That title sounds so funny. I mean, what’s to learn? Open mouth, insert food, chew and swallow, right? Sure, we’ve all got that part down, but I’m talking about learning what I’m putting in my mouth. I sometimes thought I was eating healthy, but then I started reading labels…Holy cow! I had no idea what I was eating.
Did you know that about 75% of weight loss comes down to what we eat? That kind of stinks (right?) because changing eating habits is NOT easy. I get that. I’ve been there. But I’m also living proof that it can be done.
There were basically two things I needed to figure out. One, how many calories should I be eating? Two, how many calories was I actually eating?
To determine how many calories I needed, I went with the general rule of 10 calories per pound of body weight. So at 180 pounds, I needed 1800 calories a day. When I got down to 150 pounds, my daily calorie need was 1500 calories, etc. Easy math, right?
Calculating how many calories I was actually eating took a little more effort. Google was my friend. If what I was eating didn’t have a label, I would google the type of food and amount for a calorie estimate and just tally up the total. Talk about an eye opening experience! I honestly had no idea I was consuming as many calories as I was. Take, for instance, salad dressing. I’d make a salad for lunch, feeling good about being healthy, and then douse it with salad dressing. When I started tracking calories, I realized that a serving of salad dressing is 2 tablespoons, and depending on the dressing, those 2 tablespoons added over 100 calories to my meal. Now, I would always use more than 2 tablespoons, so my “healthy” salad suddenly became a calorie heavy meal.
Reading labels was vital to learning how to eat. Not only was I not aware of how many calories I was consuming, I realized I also didn’t have a fat clue what a healthy portion was. Labels spell it out. So I started measuring my food. I had to see what 2 tablespoons looked like, what 1 cup of cereal looked like. I was amazed to see how much larger my portions generally were. When I began to calculate the number of calories I was eating based on my portion sizes, I was flabbergasted! I was disgusted, actually, and that was good motivation to make some changes.

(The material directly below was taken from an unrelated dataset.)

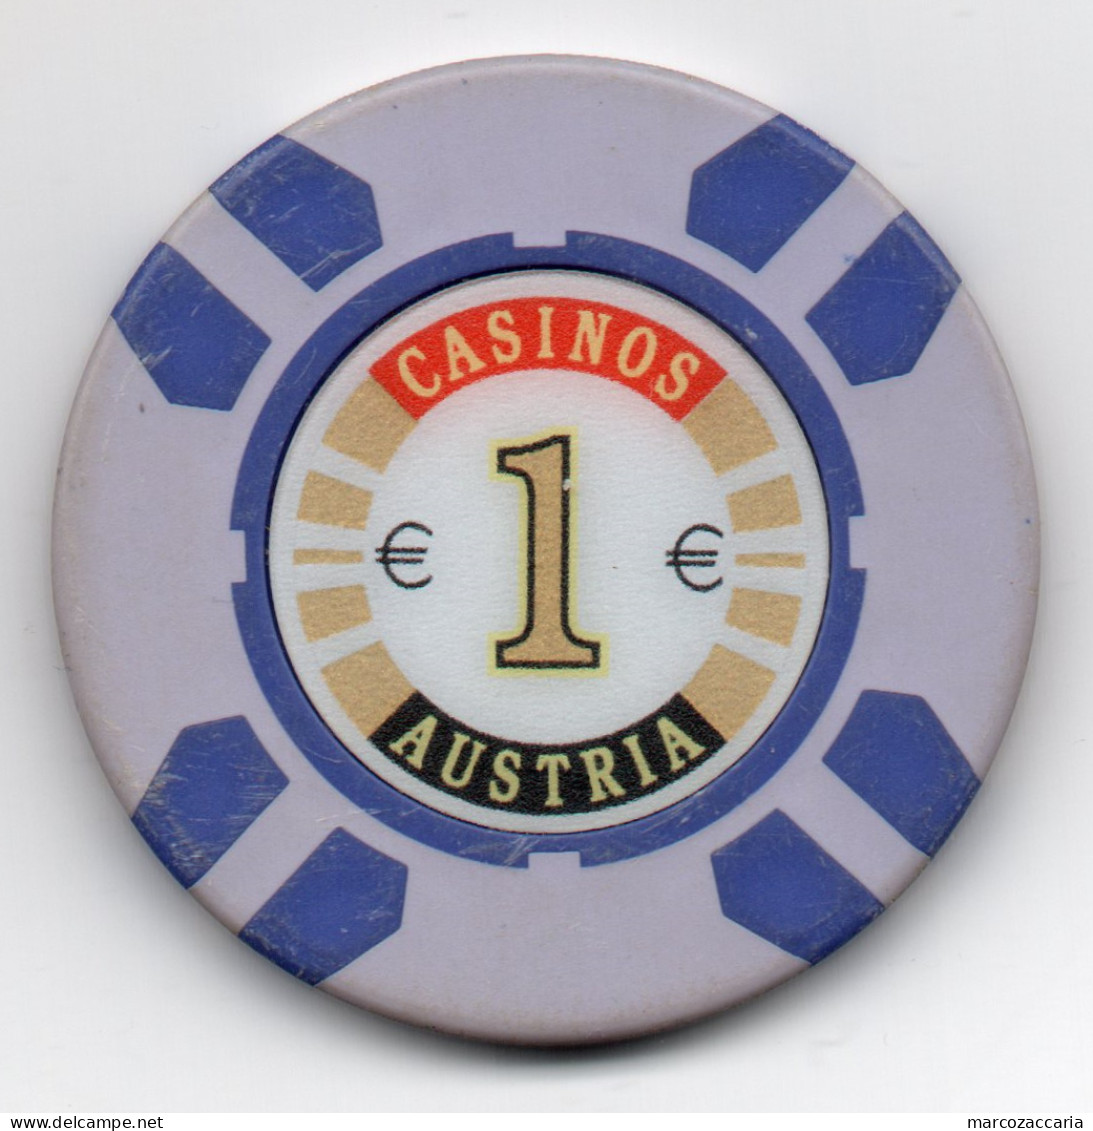 GETTONE, TOKEN, FICHE CASINO' AUSTRIA 1 € - Casino
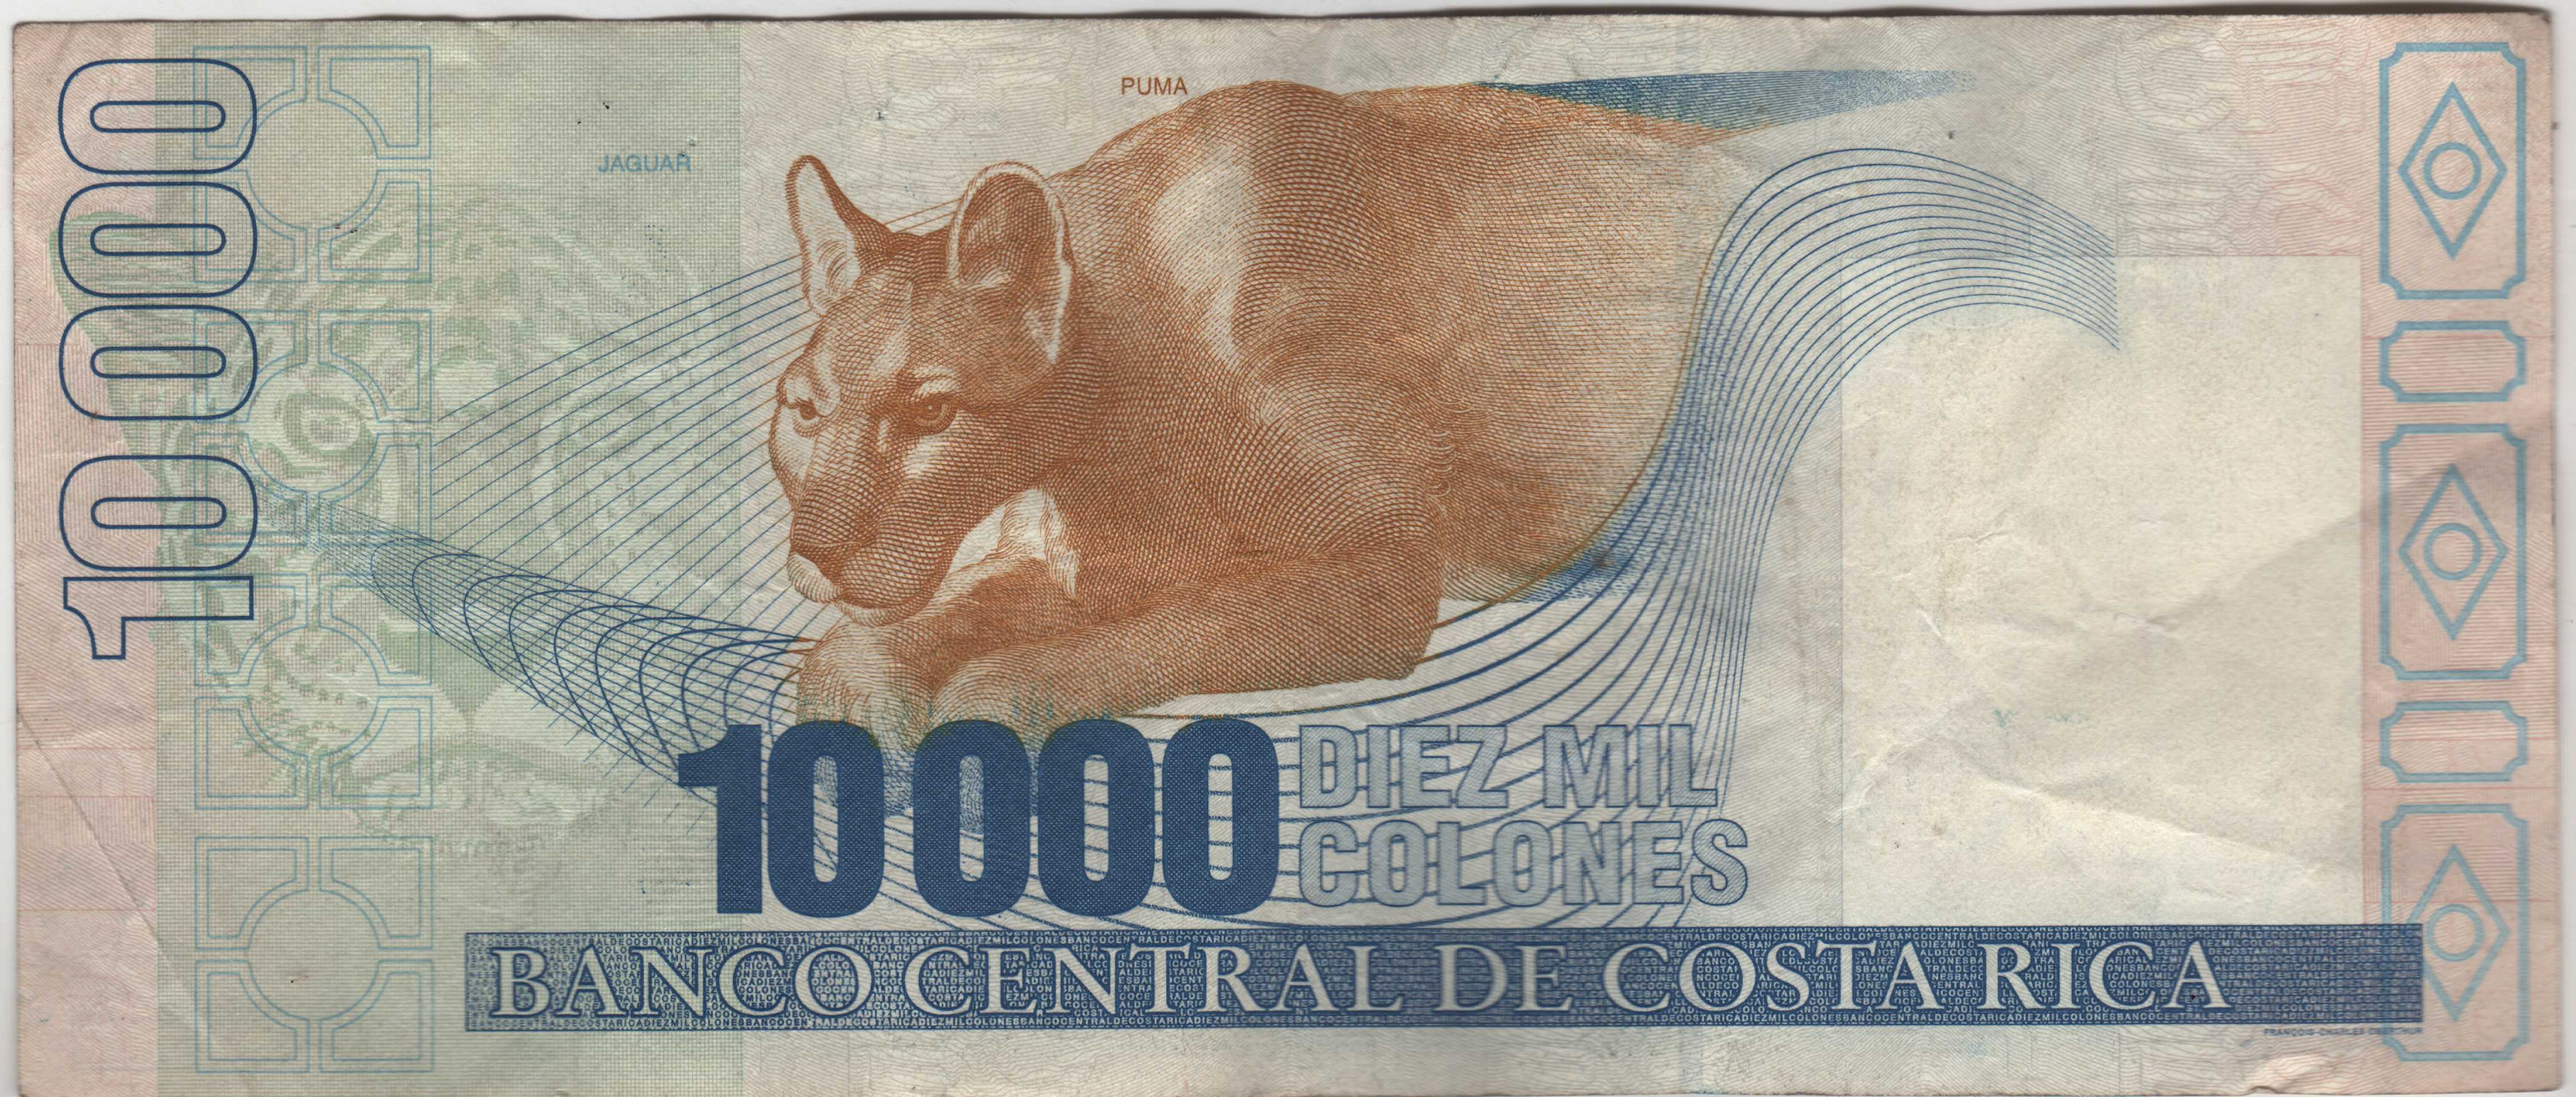 Billete de 10000 colones Costa Rica REVERSO

So I began to measure my food to be a serving size. I still tracked calories but now I counted them to make sure I stayed within my daily limit. And that helped me make better choices. I could eat a couple of slices of pizza and blow 600 calories, or I could have a big salad with lots of fresh veggies for 200 calories and have a snack later. I had to think about spreading out my calories so I could have a snack when I got hungry without going over my calorie limit. That made choosing a handful of carrots over a brownie easier. 35 calories vs. 120-200 calories? No brainer. It’s kind of like budgeting dollars. If you know you only have $20 for your night on the town, I’ll bet you’d be eating Subway for dinner instead of steak!
If you’re like me, counting calories is a bit tedious, though. But I found the Lose It! app which made things so much easier. It’s free in the app store, and lets you track not only calories but also exercise and weight. You can connect with other people and earn badges for reaching goals. I didn’t use it to its fullest potential, but as I began to be aware of calories, I loved the calorie tracking aspect of the app. It has a feature that will scan barcodes of packaged food, or you can manually enter your food and amount by choosing from a list of common foods. And seeing the line on the weight graph trend down kept me motivated to keep going!
I’ll be writing more about food choices and how I construct my meals, but before I could make changes I had to know what I was eating. If you’re serious about wanting to lose weight, I challenge you to keep a food journal–even just for a week. What did you eat? How much? How many calories was it? It’s a great visual of your eating habits and a great way to see where you can make changes.